## Abstract

### Background

Equal-tailed confidence intervals that maintain nominal coverage (0.95 or greater probability that a 95% confidence interval covers the true value) are useful in interval-based statistical reliability standards, because they remain conservative. For age-adjusted death rates, while the Fay–Feuer gamma method remains the gold standard, modifications have been proposed to streamline implementation and/or obtain more efficient intervals (shorter intervals that retain nominal coverage).

### Methods

This paper evaluates three such modifications for use in interval-based statistical reliability standards, the Anderson–Rosenberg, Tiwari, and Fay–Kim intervals, when data are sparse and sample size-based standards alone are overly coarse. Initial simulations were anchored around small populations (*P* = 2400 or 1200), the median crude all-cause US mortality rate in 2010–2019 (833.8 per 100,000), and the corresponding age-specific probabilities of death. To allow for greater variation in the age-adjustment weights and age-specific probabilities, a second set of simulations draws those at random, while holding the mean number of deaths at 20 or 10. Finally, county-level mortality data by race/ethnicity from four causes are selected to capture even greater variation: all causes, external causes, congenital malformations, and Alzheimer disease.

### Results

The three modifications had comparable performance when the number of deaths was large relative to the denominator and the age distribution was as in the standard population. However, for sparse county-level data by race/ethnicity for rarer causes of death, and for which the age distribution differed sharply from the standard population, coverage probability in all but the Fay–Feuer method sometimes fell below 0.95. More efficient intervals than the Fay–Feuer interval were identified under specific circumstances.
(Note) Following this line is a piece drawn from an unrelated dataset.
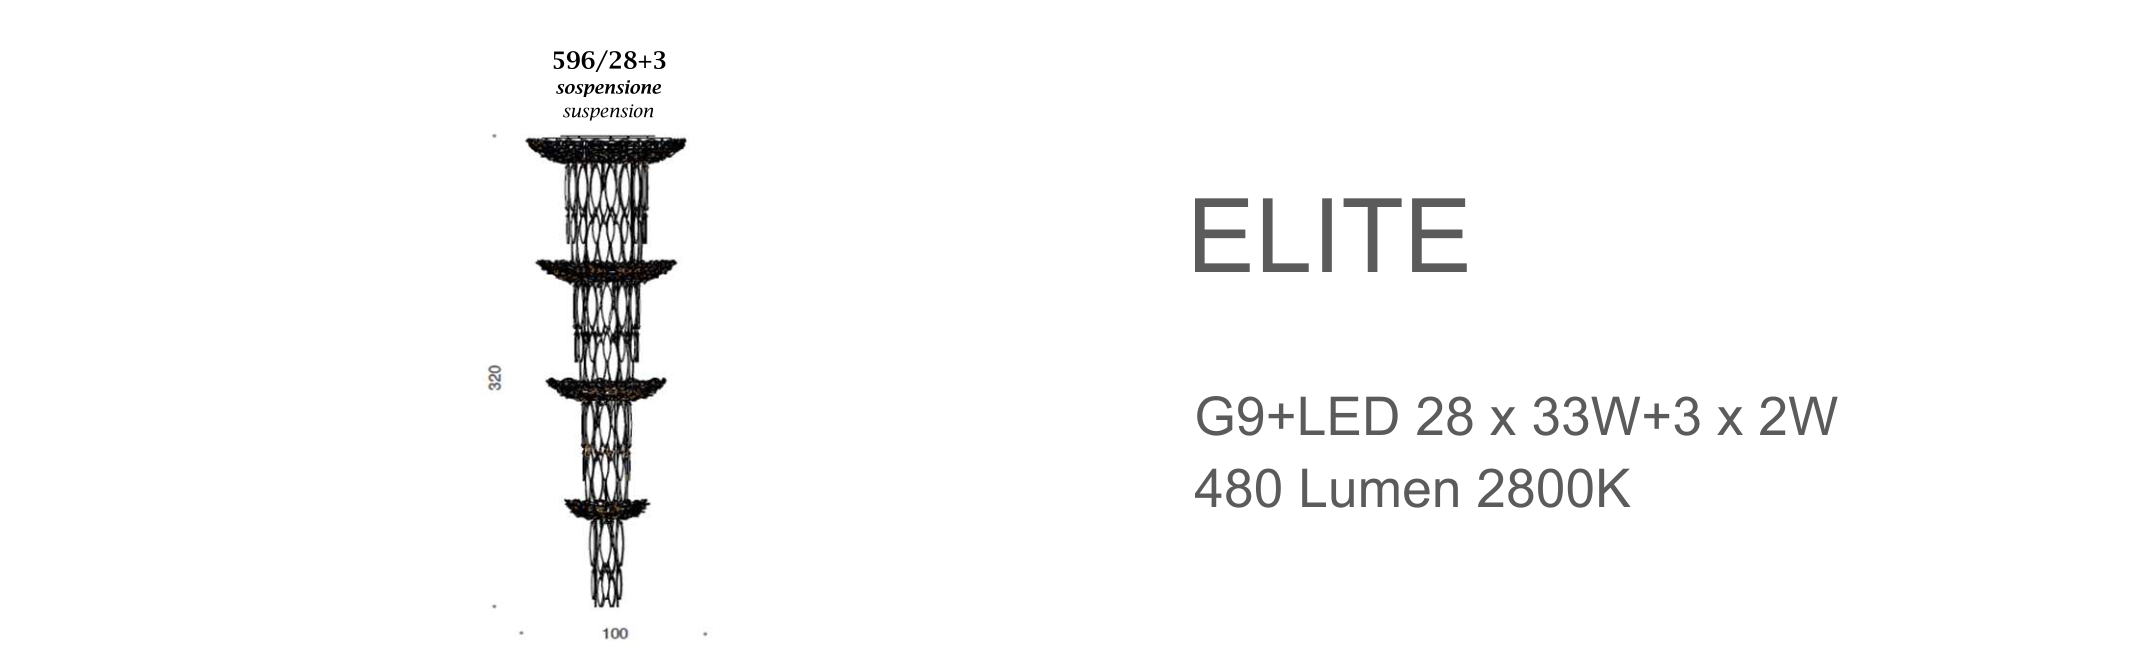 Elite 596/28+3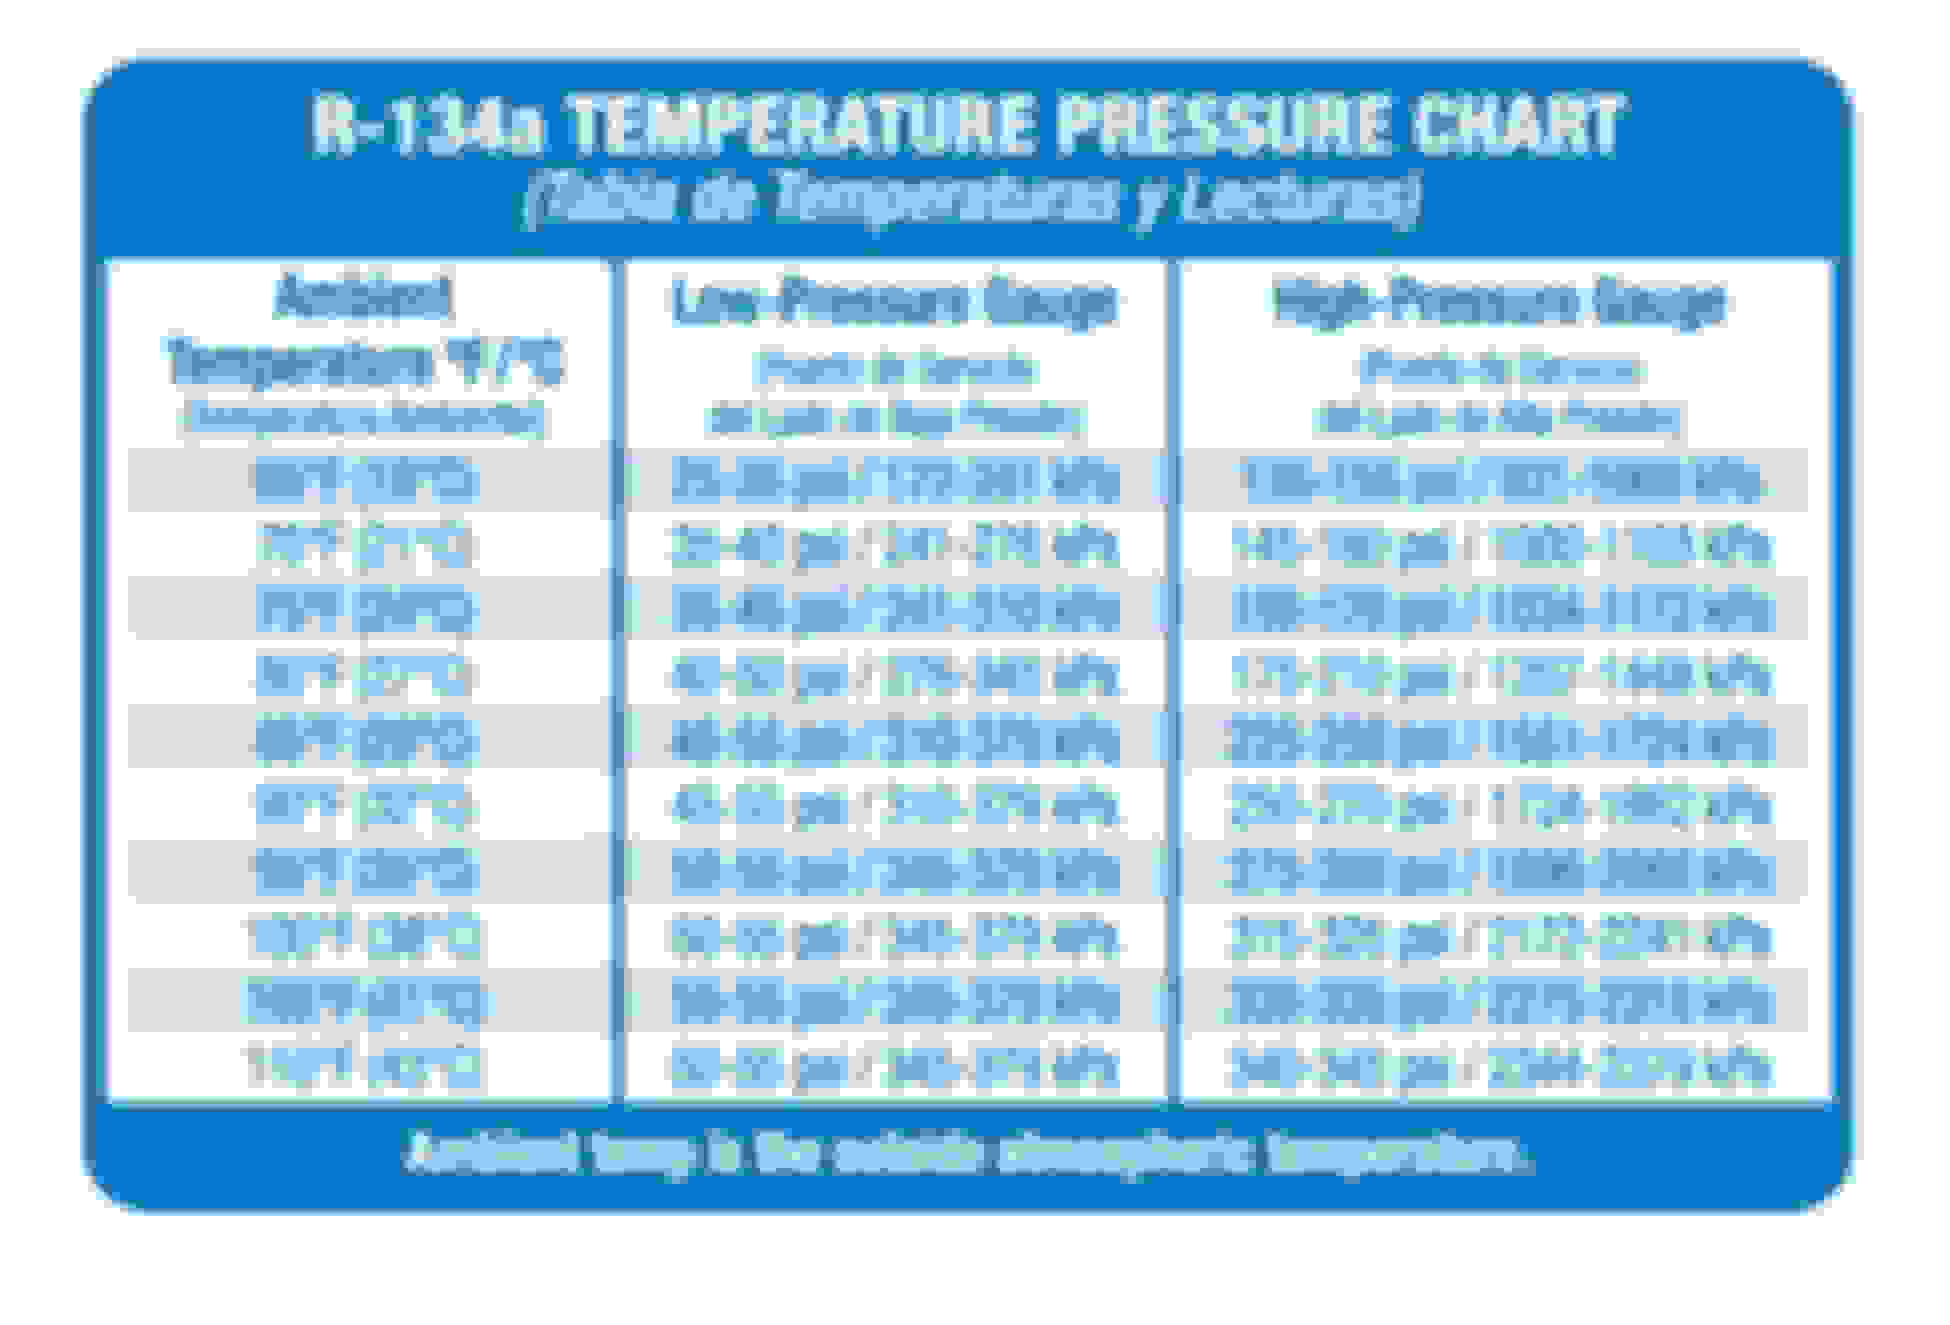 Ford F150 Ac Pressure Chart

When the coefficient of variation of the age-adjustment weights was below 0.5, the Anderson–Rosenberg and Tiwari intervals appeared to be more efficient, whereas when it was above 0.5, the Fay–Kim interval appeared to be more efficient.

### Conclusions

As national and international agencies reassess prevailing data presentation standards to release age-adjusted estimates for smaller areas or population subgroups than previously presented, the Fay–Feuer interval can be used to develop interval-based statistical reliability standards with appropriate thresholds that are generally applicable. For data that meet certain statistical conditions, more efficient intervals could be considered.